Perbedaan Suku dan Agama Bukan Alasan Selisih Paham

PROSUMUT – Plt Wali Kota Medan Akhyar Nasution mengajak seluruh umat beragama di Kota Medan untuk senantiasa menjaga kerukunan dan ketentraman serta menunjung tinggi nilai toleransi dalam kehidupan sehari-hari.

Hal ini penting dilakukan guna menjadikan Kota Medan sebagai rumah yang aman dan nyaman bagi siapa saja baik bagi yang tinggal maupun yang tengah berkunjung ke Kota Medan.

“Kita semua adalah saudara. Kerukunan dan kedamaian adalah hal mahal yang harus kita jaga bersama. Karena perbedaan suku dan agama bukanlah sebuah alasan untuk saling berselisih paham. Siapapun kita, kita adalah sebuah keluarga besar yang tinggal dalam satu rumah yang sama yakni Kota Medan. Medan adalah rumah kita,” kata Plt. Wali Kota ketika menghadiri Perayaan HUT Banua Niha Kriso Protestan (BNKP) Elia ke 40 di Gereja BNKP Elia, Jalan Kapten Muslim Medan, Gang Solo, Minggu 26 Oktober 2019.

BACA JUGA:  Lima Prinsip Perlindungan Anak Diusung

Mantan anggota DPRD Medan tersebut pun tidak lupa mengucapkan selamat kepada seluruh jemaat yang BNKP yang tengah merayakan hari jadinya.

“Atas nama Pemko Medan kami mengucapkan selamat untuk perayaan hari ini. Kita semua turut berbahagia. Hendaknya momentum kebersamaan ini menjadi energi bagi kita semua untuk membangun bersama Kota Medan yang kita cintai ini,” ajaknya.

Mengenakan stelan batik lengan panjang, kehadiran Plt. Wali Kota disambut hangat dan penuh kekeluargaan seluruh jemaat.

BACA JUGA:  Al Washliyah Berperan Kuatkan Pendidikan, Dakwah dan Sosial

Di kesempatan tersebut, Plt. Wali Kota juga kembali mensosialisasikan dan mengajak jemaat untuk mengurangi penggunaan plastik dalam aktifitas sehari-hari.

Untuk itulah, Plt. Wali Kota membawa langsung tumbler (botol minum isi ulang) sebagai bentuk ajakan.

“Saat ini kami (Pemko Medan) tengah gencar mensosialisasikan kepada masyarakat untuk mengurangi penggunaan plastik dalam aktifitas sehari-hari.
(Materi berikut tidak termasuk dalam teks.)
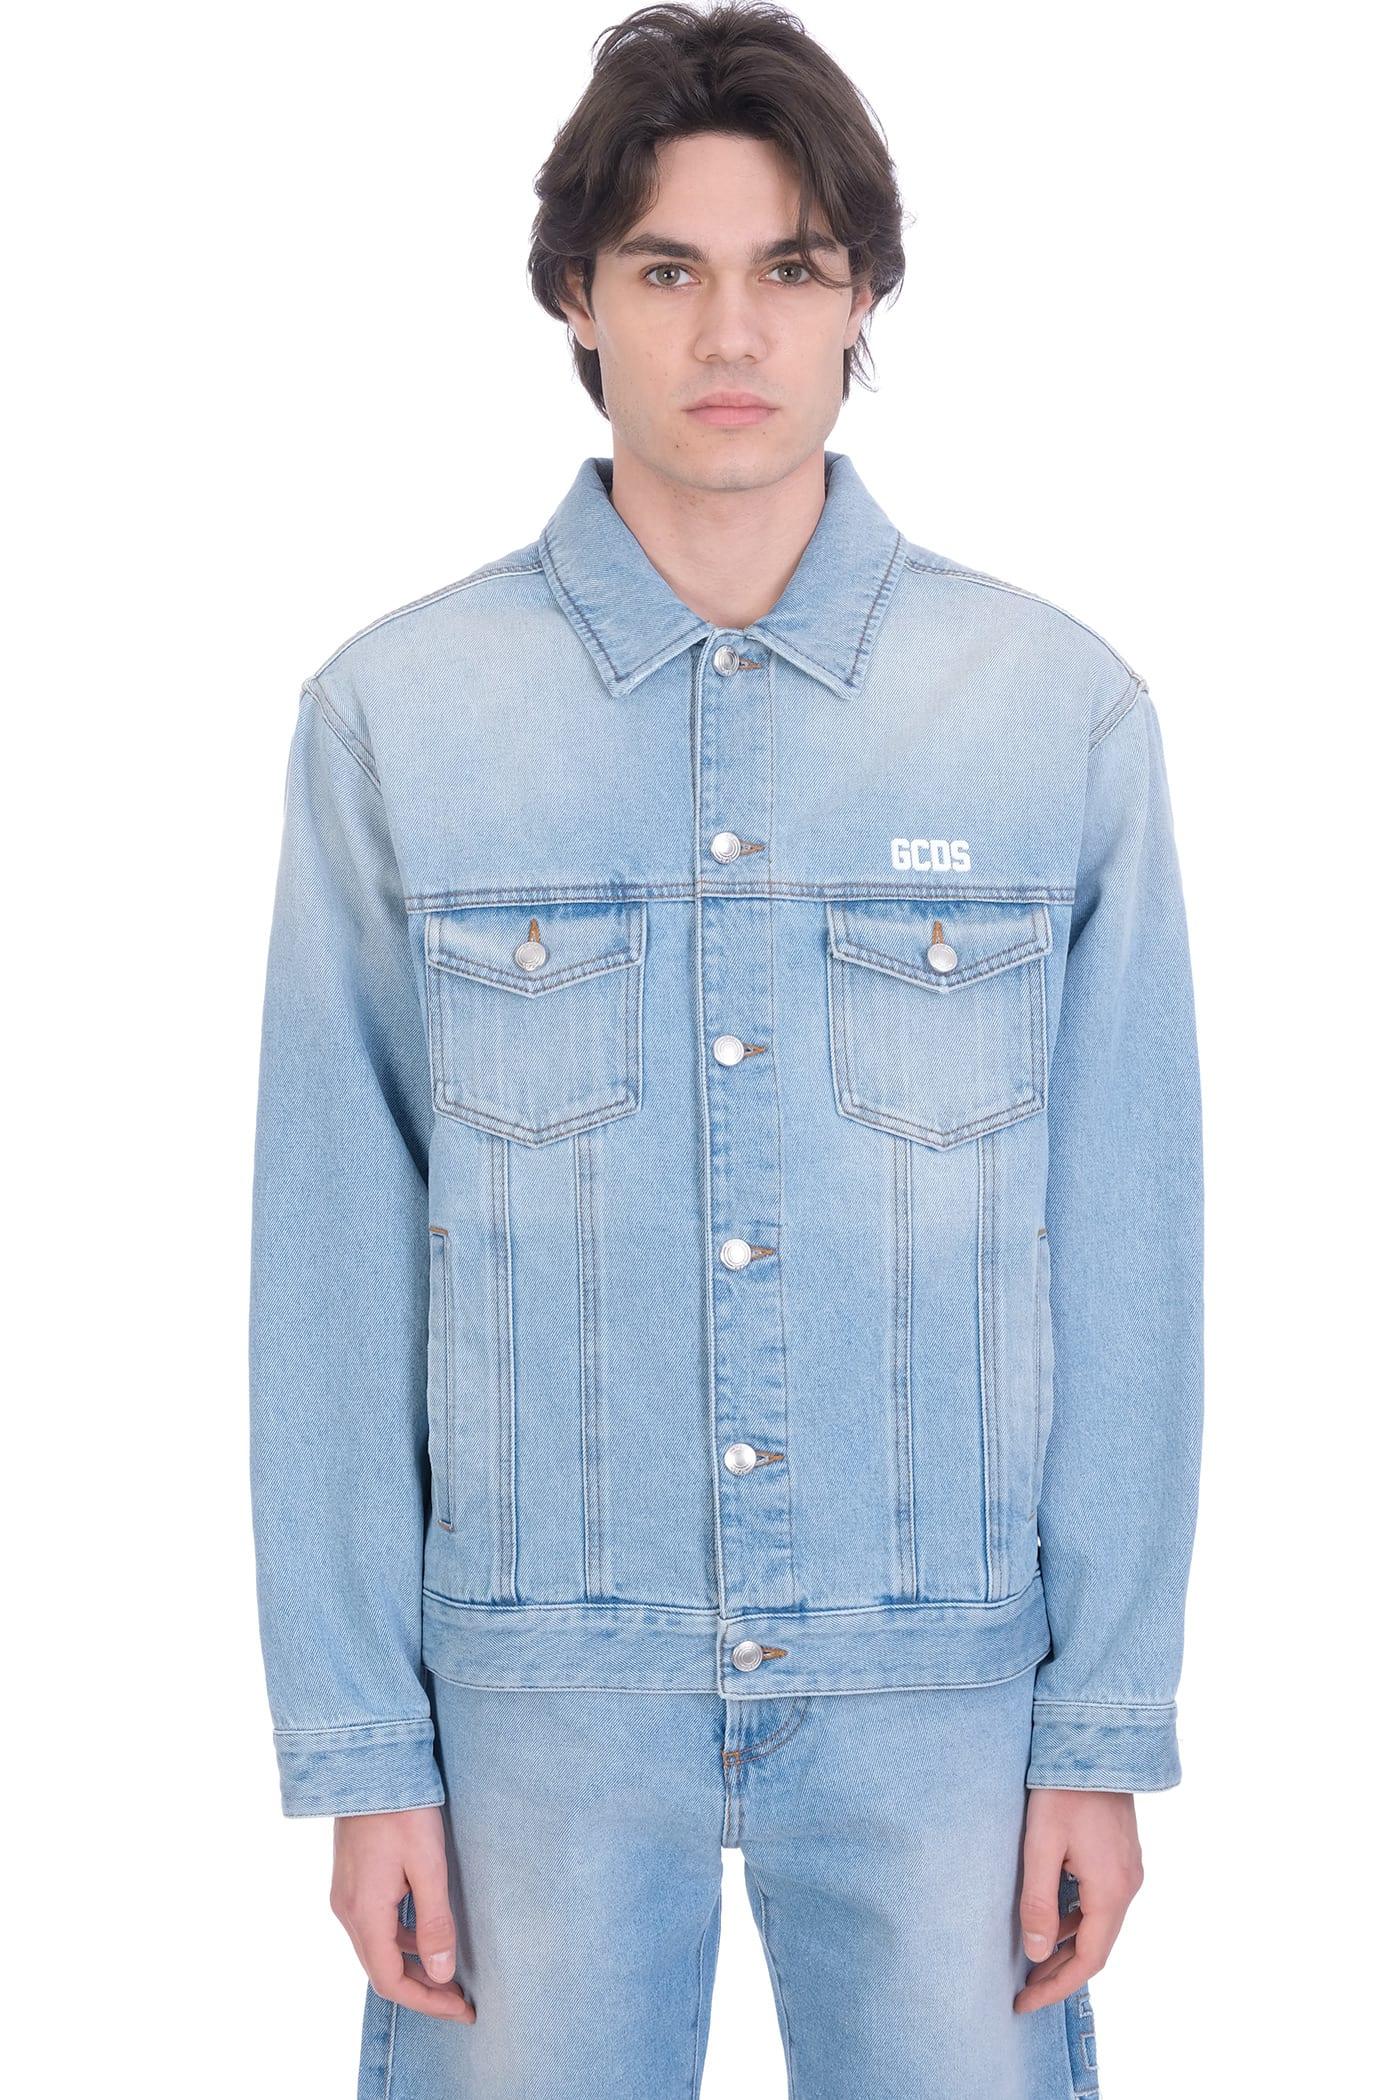 Jacket In Cyan Cotton

Sebab, selama ini plastik menjadi sumbangsih terbesar sampah dan masih menjadi masalah klasik yang dihadapi hampir seluruh daerah di Indonesia karena sifatnya yang sulit terurai,” ungkapnya.

Terlebih bilang Plt. Wali Kota, kebersihan adalah tanggung jawab semua pihak. Untuk itu, seluruh masyarakat bertanggug jawab penuh atas kebersihan lingkungan tempat tinggalnya masing-masing.

BACA JUGA:  Kelola KDMP, SDM Dilatih Efektifitas dan Profesional

“Kebersihan adalah cerminan diri. Mulailah dari diri sendiri dan rumah. Kita semua punya tugas yang sama menjadikan wajah Kota Medan menjadi bersih dan asri. Jangan buang sampah sembarangan agar kota kita ini terbebas dari banjir,” bilangnya.

Terakhir, sebelum meninggalkan lokasi, Plt. Wali Kota kembali menekankan agar semua pihak dapat ikut serta berkontribusi, berperan aktif mengisi pembangunan Kota Medan lewat peran dan fungsi masing-masing.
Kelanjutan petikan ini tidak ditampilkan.